Claude Cowork(クロードコワーク)とは、Anthropic(アンソロピック)が2026年1月に発表した、非エンジニア向けの汎用AIエージェント機能です。Claudeのデスクトップアプリ(現在はWeb・モバイルにも拡張)上で動き、指定したフォルダのファイルを読み書きしながら、資料作成・データ整理・調査といった事務作業を、計画の提示から実行・成果物の作成まで自律的に進めます。

名前の似た「Claude Code」(開発者向けのAIコーディングエージェント)と混同されやすいのですが、両者は対象業務もインターフェースも異なる別の製品です。発表時にTechCrunchが「コードなしのClaude Code」と紹介したとおり、Coworkは、開発者の間で実証されたエージェント技術を、コードを書かない人の日常業務向けに作り直したものです。この出自を押さえると、次の3つの誤解がほどけます。

一言でいうと:Claude Coworkとは、チャット画面の外に出て、あなたのフォルダやアプリの中で実際に手を動かすAIです。指示を出すと作業計画を示し、承認を得てから、ファイルの作成・整理・編集までをやり切ります。

Claude Coworkをめぐる3つの誤解

  1. 「Claude Codeの簡易版・おまけ」ではありません。Anthropicの利用実態分析では、Cowork利用の90%超がソフトウェア開発以外(業務プロセス・コンテンツ制作が上位)と報告されており、非開発の知識労働こそが主戦場です。
  2. 「チャット版Claudeと同じ、答えるAI」ではありません。回答を画面の中に返すのではなく、WordやExcel、PDFといった実ファイルを成果物として仕上げる「実行するAI」です。
  3. 「エンジニア専用」ではありません。日本語の指示だけで動く設計で、プログラミング知識を前提にしません。ただし利用は有料プラン限定で、権限設計とレビューの運用は必要です。

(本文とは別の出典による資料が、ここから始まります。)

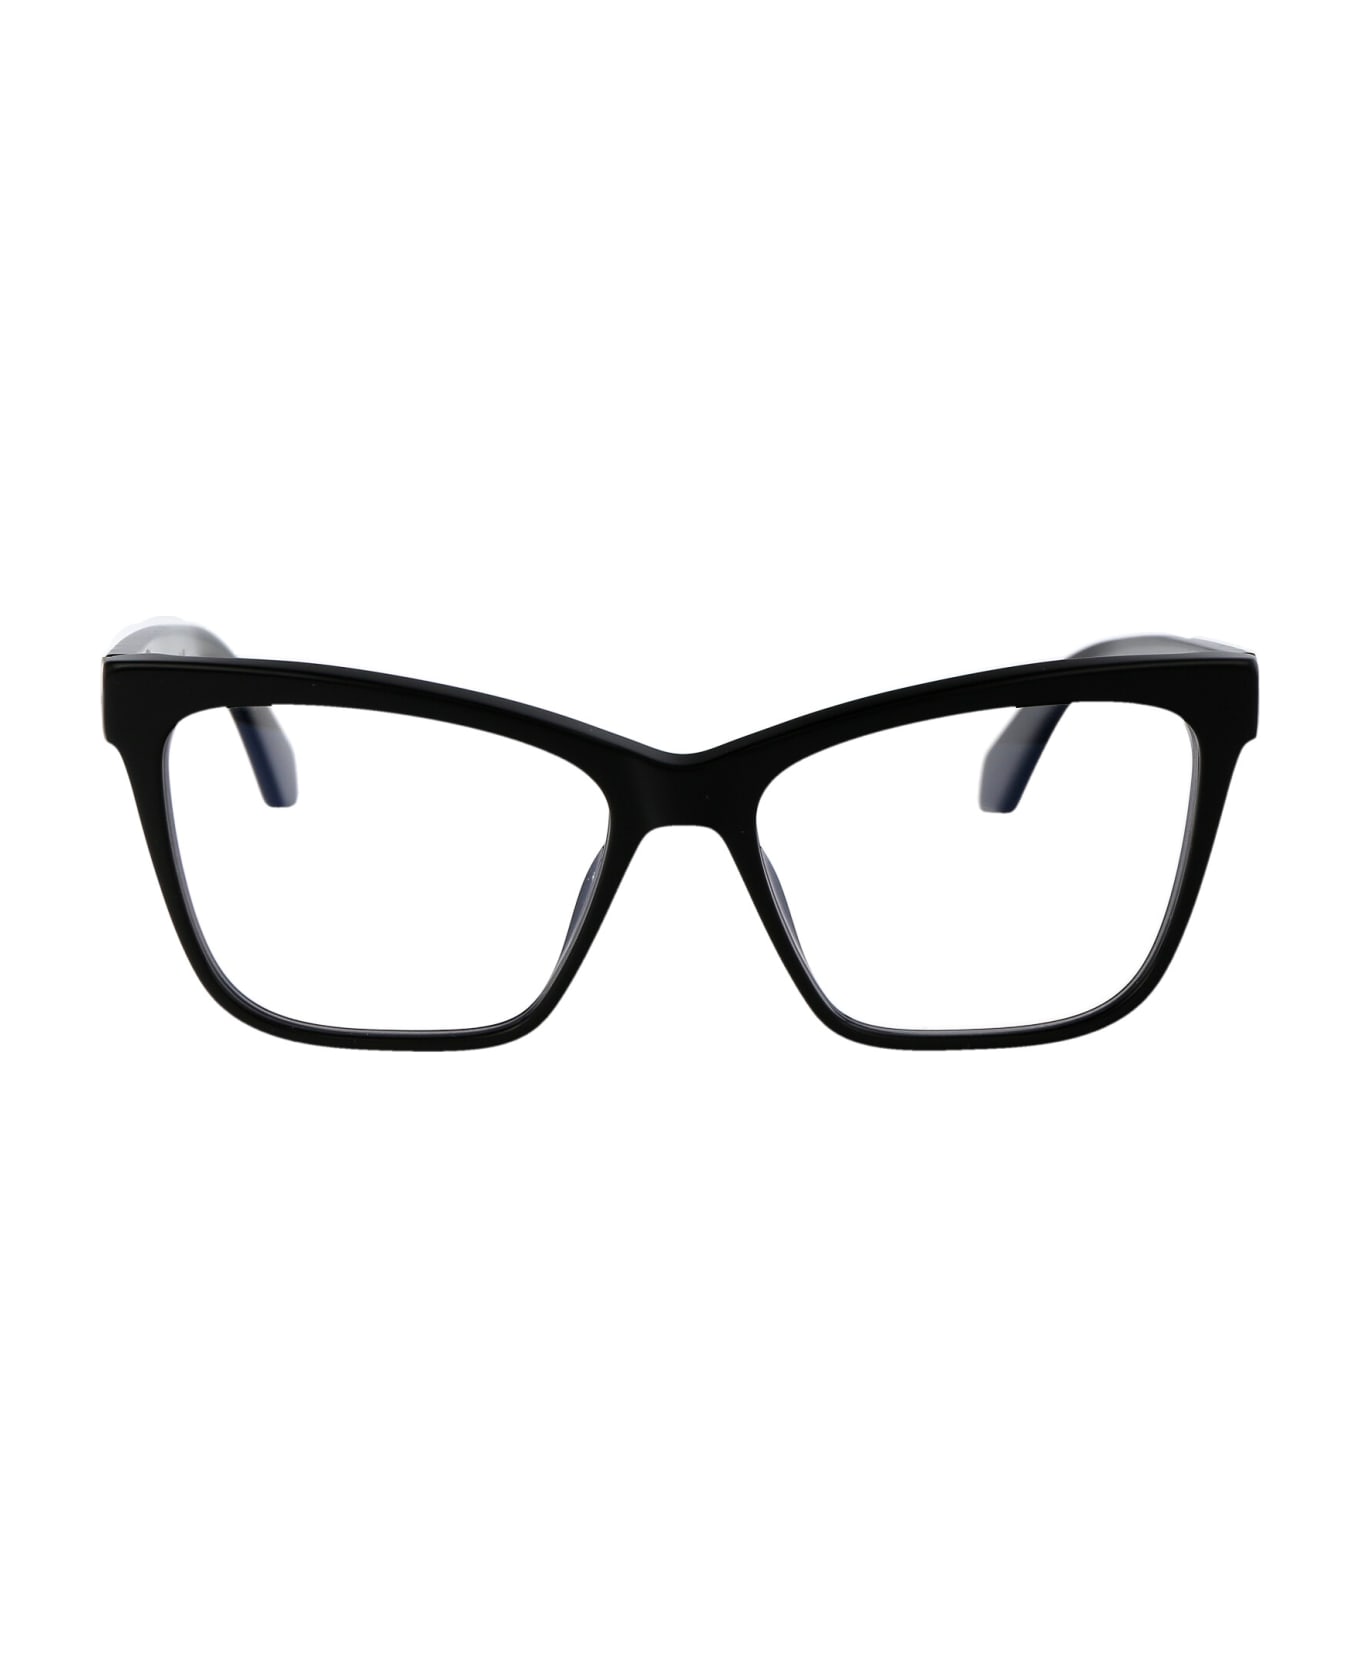 Off-White Optical Style 67 Glasses - 1000 BLACK アイウェア

執筆: PolarisX 編集部(AI活用の実務者チーム)。AI社員「Polaris AI」の開発と、自社のAI社員組織(3部門・約20のAIエージェント)をClaude Code上で運用するメンバーが執筆しています。

Claude Coworkとは — 「答えるAI」から「実行するAI」への転換

Claude Coworkとは、Anthropicが提供する、知識労働向けのAIエージェント機能です。公式製品ページは、ファイルの整理・文書やスプレッドシートの作成・複数資料の横断調査といった「実務のタスクを丸ごと任せる」ための機能として案内しています。使い方の骨格はシンプルで、(1)Coworkに作業してよいフォルダを指定し、(2)日本語で仕事を依頼すると、(3)Claudeが作業計画を提示し、(4)承認後に計画を実行して成果物のファイルを残します。「質問に答える」のではなく「仕事を終わらせる」ことがゴールに置かれている点が、従来のチャット型AIとの決定的な違いです。この「答えるAIから実行するAIへ」という転換は、AIエージェントという言葉の実像をつかむうえでも分かりやすい実例になっています。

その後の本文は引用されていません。